The PORTEC 3 endometrial cancer trial has been ten years in the making but now provides insights into better treatments. Better treatments improve lives.
The PORTEC-3 trial studied the value of additional treatment given after hysterectomy to women who were at high-risk of relapse after surgery because of the stage or disease characteristics of their cancer. The trial sought to determine whether women who have high-risk endometrial cancer have better outcomes when treated with post-operative radiation plus chemotherapy compared with the current standard of post-operative radiation alone.
A total of 660 women participated on the trial, which was active at 103 sites internationally.
Trialled endometrial cancer intervention
Participants were randomly assigned to one of two groups. Both groups received the standard treatment of radiation to the pelvic region, while one group also received chemotherapy (cisplatin) at the same time as radiation, followed by 4 cycles of adjuvant chemotherapy (carboplatin and paclitaxel).
Women receiving radiation and chemotherapy were treated for minimum of five months. Women receiving radiation alone were treated for a period of six to eight weeks. All participants were monitored for an average of 5 years.
Outcomes
The main outcomes assessed were overall survival and failure free survival. Overall survival is the main outcome researchers seek to improve and is defined as the length time from when you are diagnosed with the cancer to the time you die, from whatever cause (eg a heart attack, the cancer). Failure-free survival is defined as being alive without relapse, or death from endometrial cancer.

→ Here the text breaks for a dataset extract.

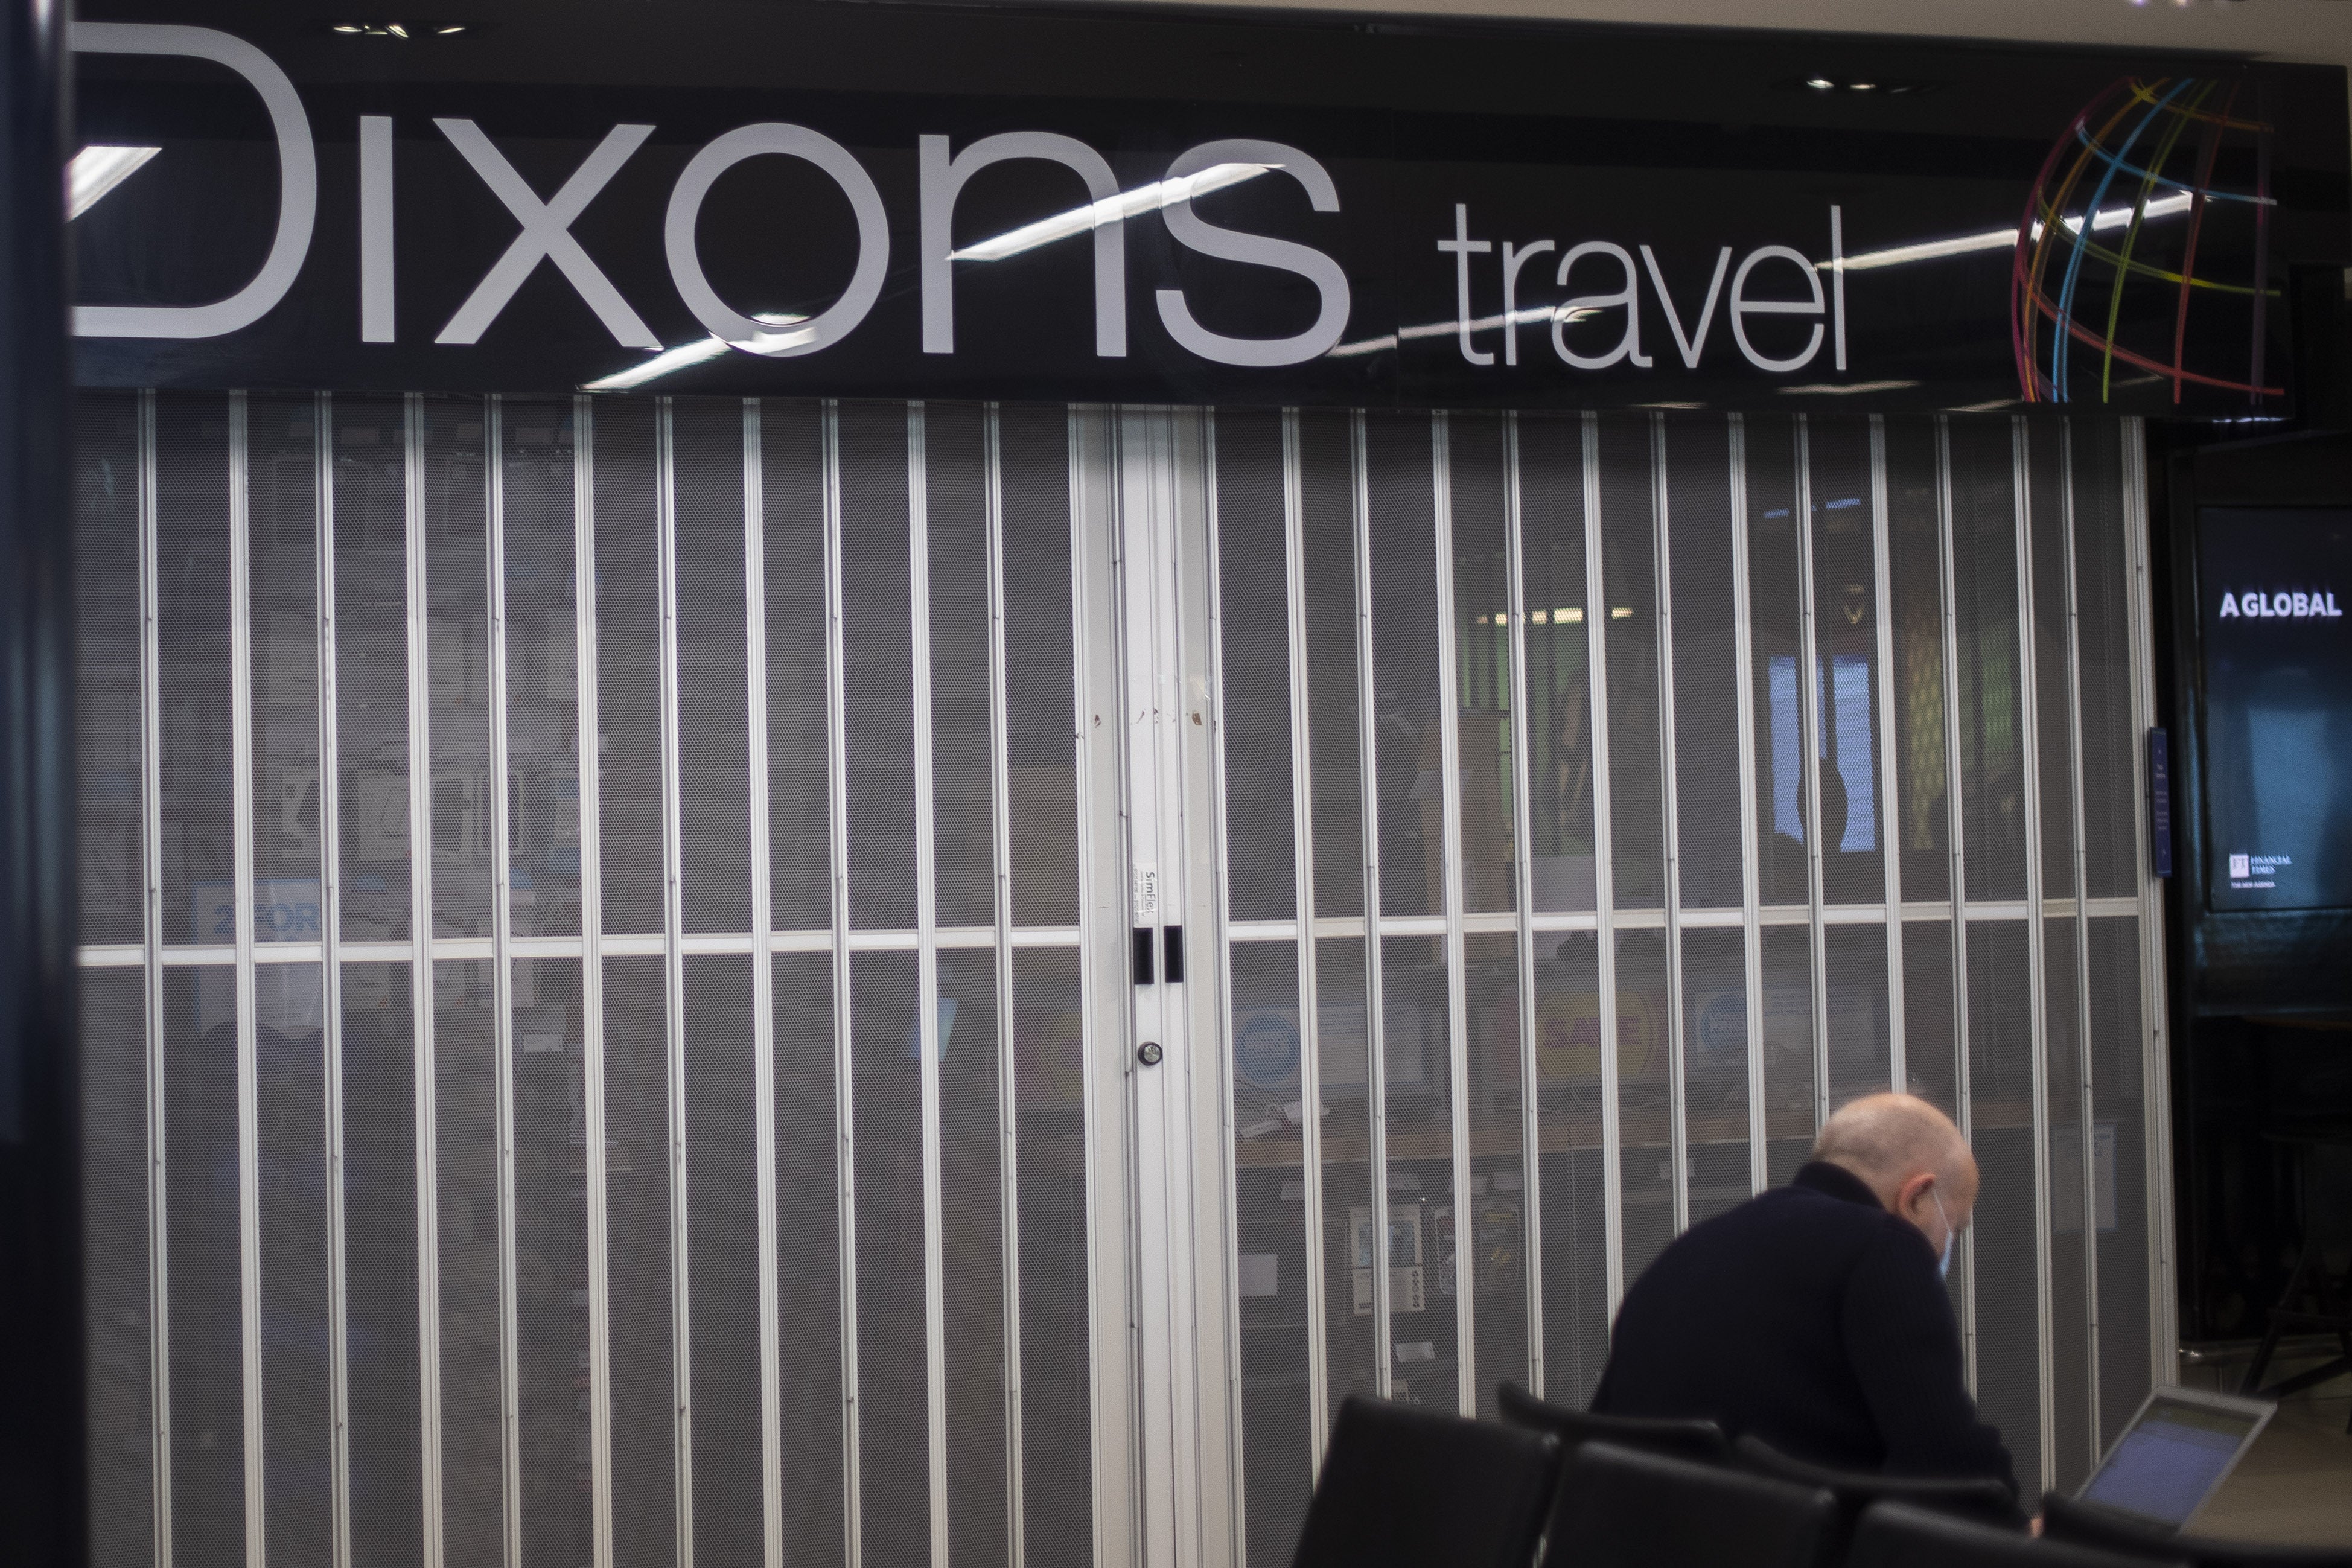 WH Smith has bought a raft of former Dixons Travel stores in airports
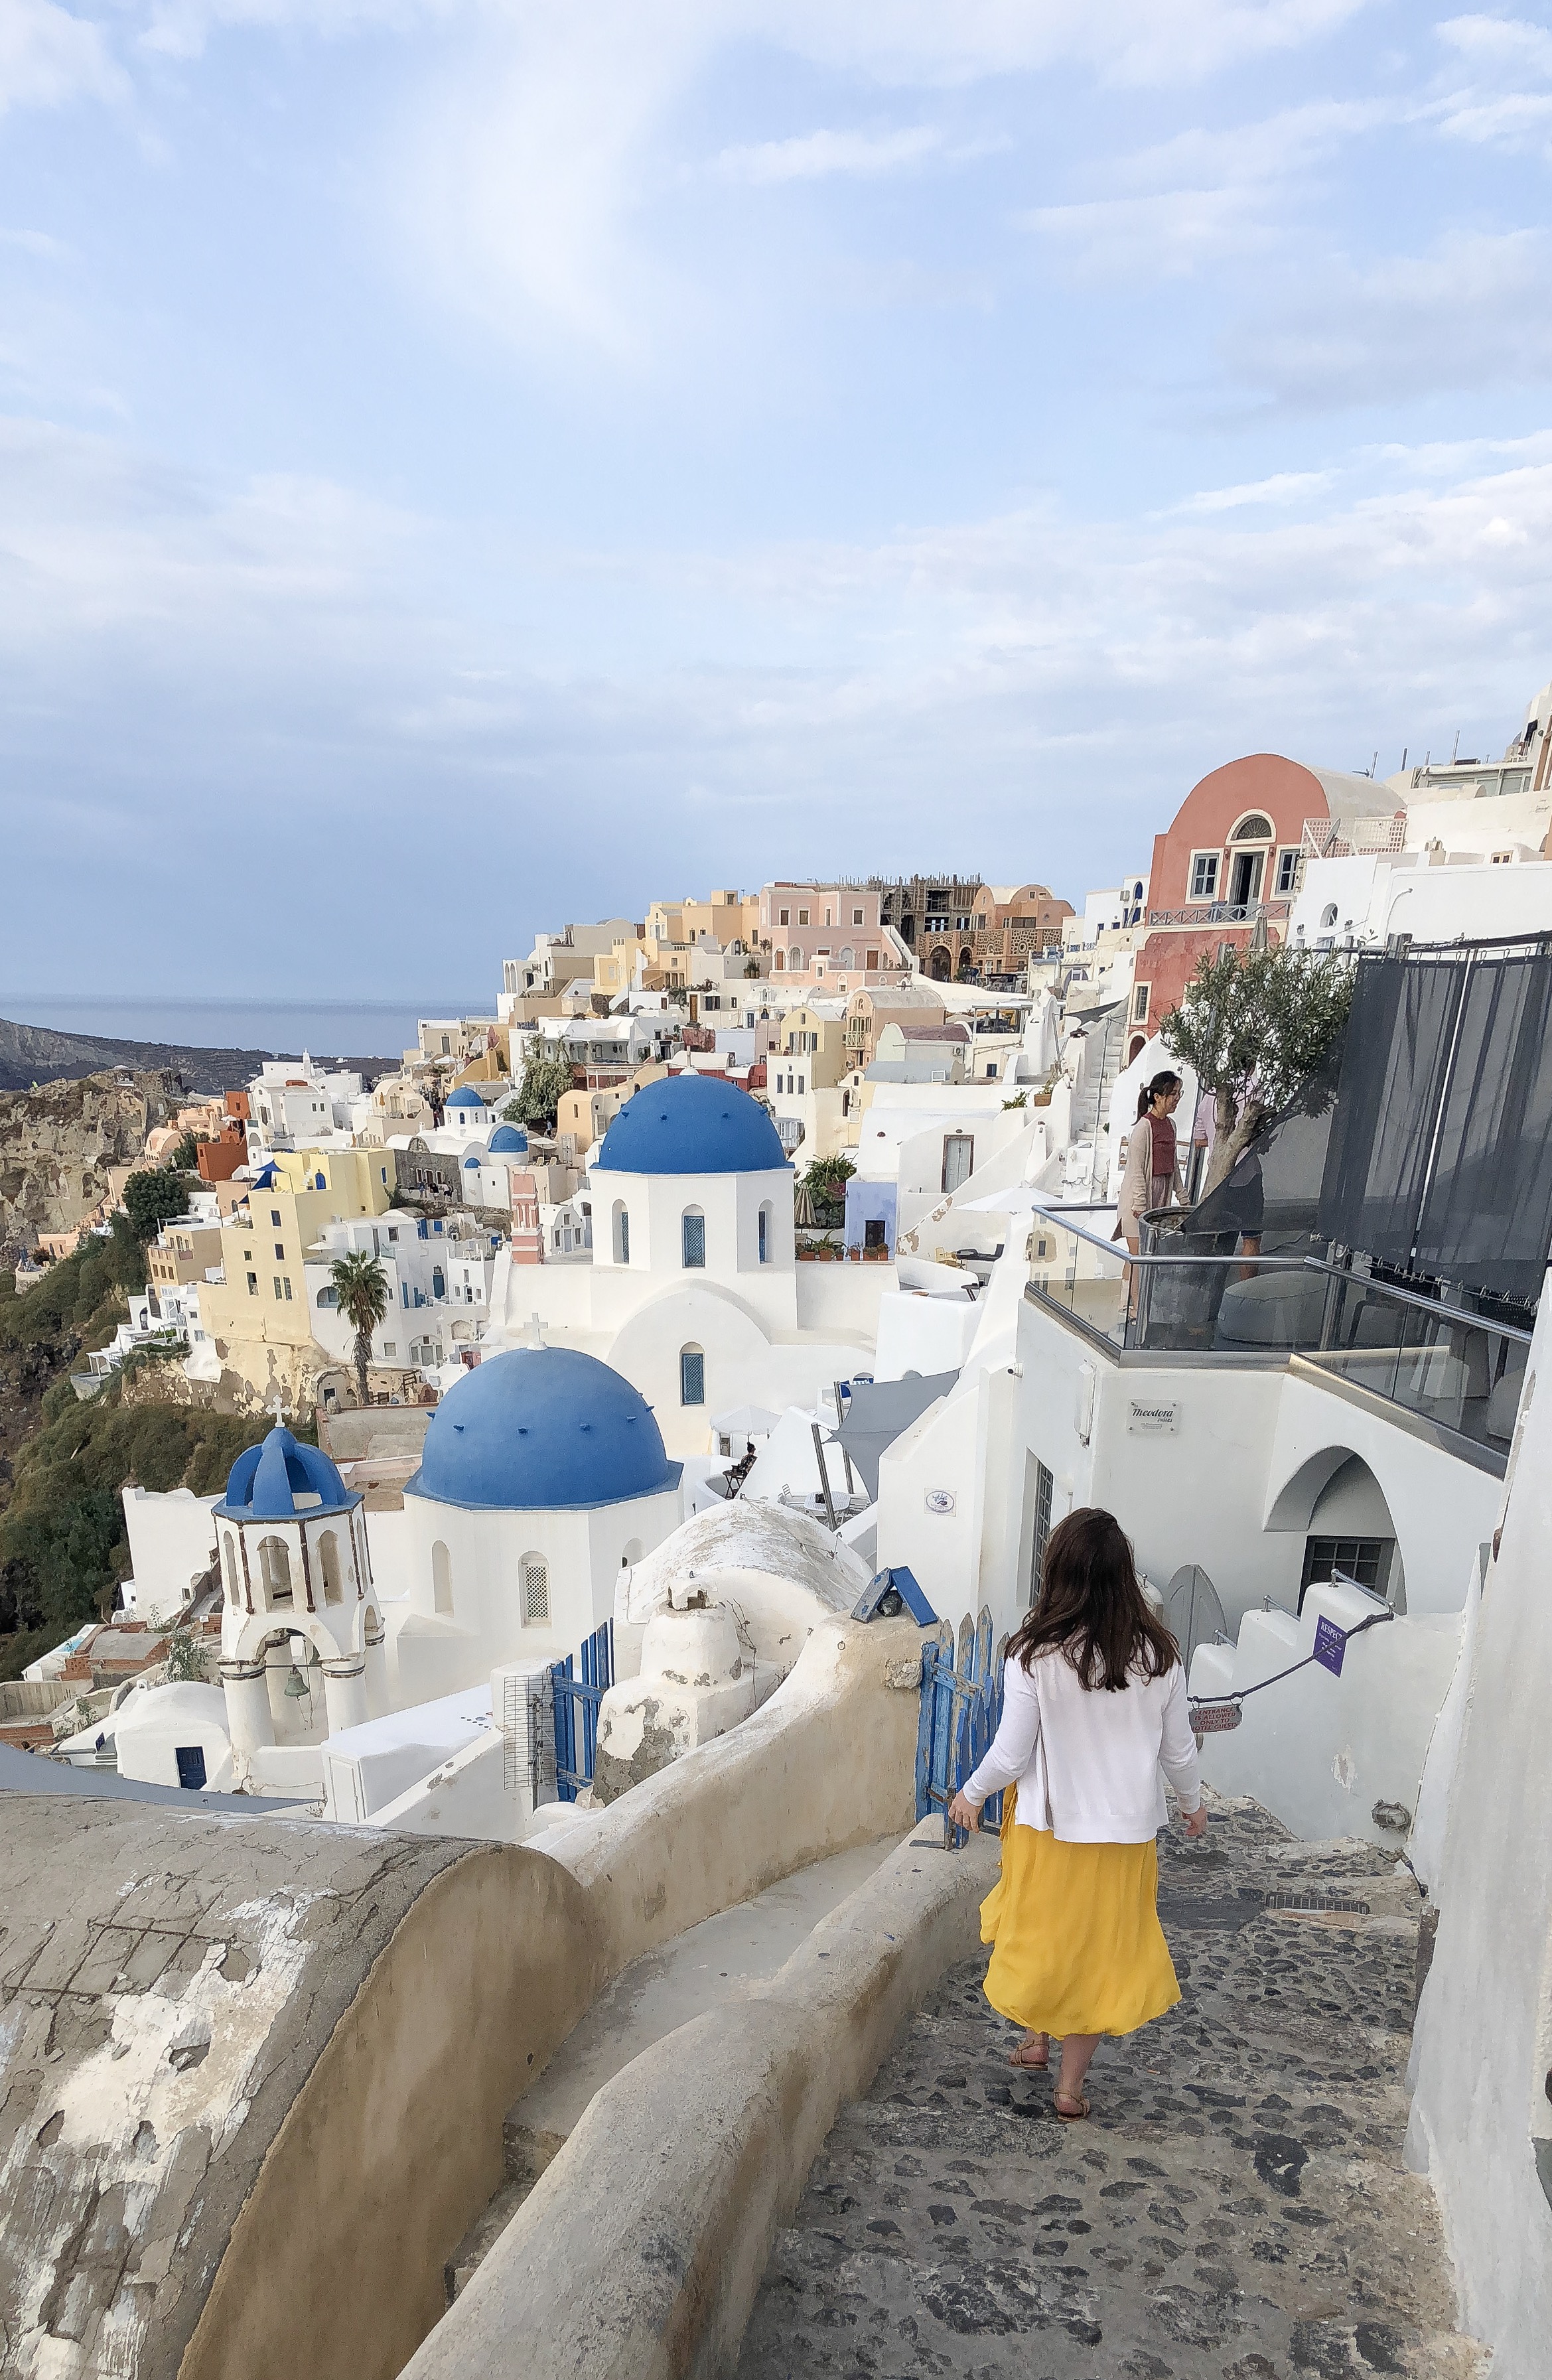 Capturing the Blue Domes in Oia, Santorini

The trial found that the additional treatment did not improve overall survival. However, the rate of failure free survival was improved. In particular, those women with locally advanced (stage 3) disease were significantly less likely to relapse within five years of diagnosis if they received both radiation plus chemotherapy compared with the women who received radiation alone. The rate of 5 year failure free survival for stage 3 patients was 69% for those women who received the additional chemotherapy treatment compared to 58% for those who received post-operative radiotherapy alone. The women who received radiation and chemotherapy also experienced greater toxicity including low blood counts, fatigue, diarrhoea and peripheral neuropathy, which causes numbness and pain in the feet and sometimes the hands. However, by 12 months all severe side effects had recovered apart from peripheral neuropathy, which continued to be a significant after 3 years in 8% of the women who received the additional chemotherapy compared to 1% who received post-operative radiotherapy alone.
“Women who received both radiation and chemotherapy in the PORTEC3 trial were less likely to have their cancer relapse, although there was no improvement in the number of women who survived five years from diagnosis. The main benefit was seen in women with stage 3 disease who were at the highest risk of their disease relapsing” said Professor Linda Mileshkin, one of the ANZGOG leaders on the trial.
It is important to understand that trials look at different types of survival and “overall survival” is the main one we seek to improve. This is the time from when you are diagnosed with the cancer to the time you die, from whatever cause (eg a heart attack, the cancer). PORTEC-3 showed an improvement in “failure-free survival”, which is the time from diagnosis to the cancer returning or death from the cancer. It is still an important result given that if the cancer returns it may not be possible to cure it.
ANZGOG conducted a patient preference study among the women participating in PORTEC-3 and found that most patients rated a 5% survival improvement sufficient to make chemotherapy worthwhile.
Implications
For women with stage I–II endometrial cancer this new schedule of additional treatment is not recommended because these women generally did well with post-operative radiotherapy alone.
In view of the higher risk of recurrence among women with stage III disease, radiation and chemotherapy can be considered, and the potential benefits and risks should be individually discussed.
“The trial results did show a significant benefit from the additional treatment option in women with stage III endometrial cancer – in terms of making it less likely that their cancer would come back. But given overall survival is not significantly better and the treatment can have side-effects, individual patient counselling is essential” said Professor Mileshkin.
“The trial results did show a significant benefit from the additional treatment option in women with stage III endometrial cancer – in terms of making it less likely that their cancer would come back. But given overall survival is not significantly better and the treatment can have side-effects, individual patient counselling is essential” said Professor Mileshkin.
PORTEC-3 was a multicentre trial with strong international collaboration among six participating groups, led internationally by the Dutch Cooperative Gynecologic Oncology Group and in Australia by ANZGOG.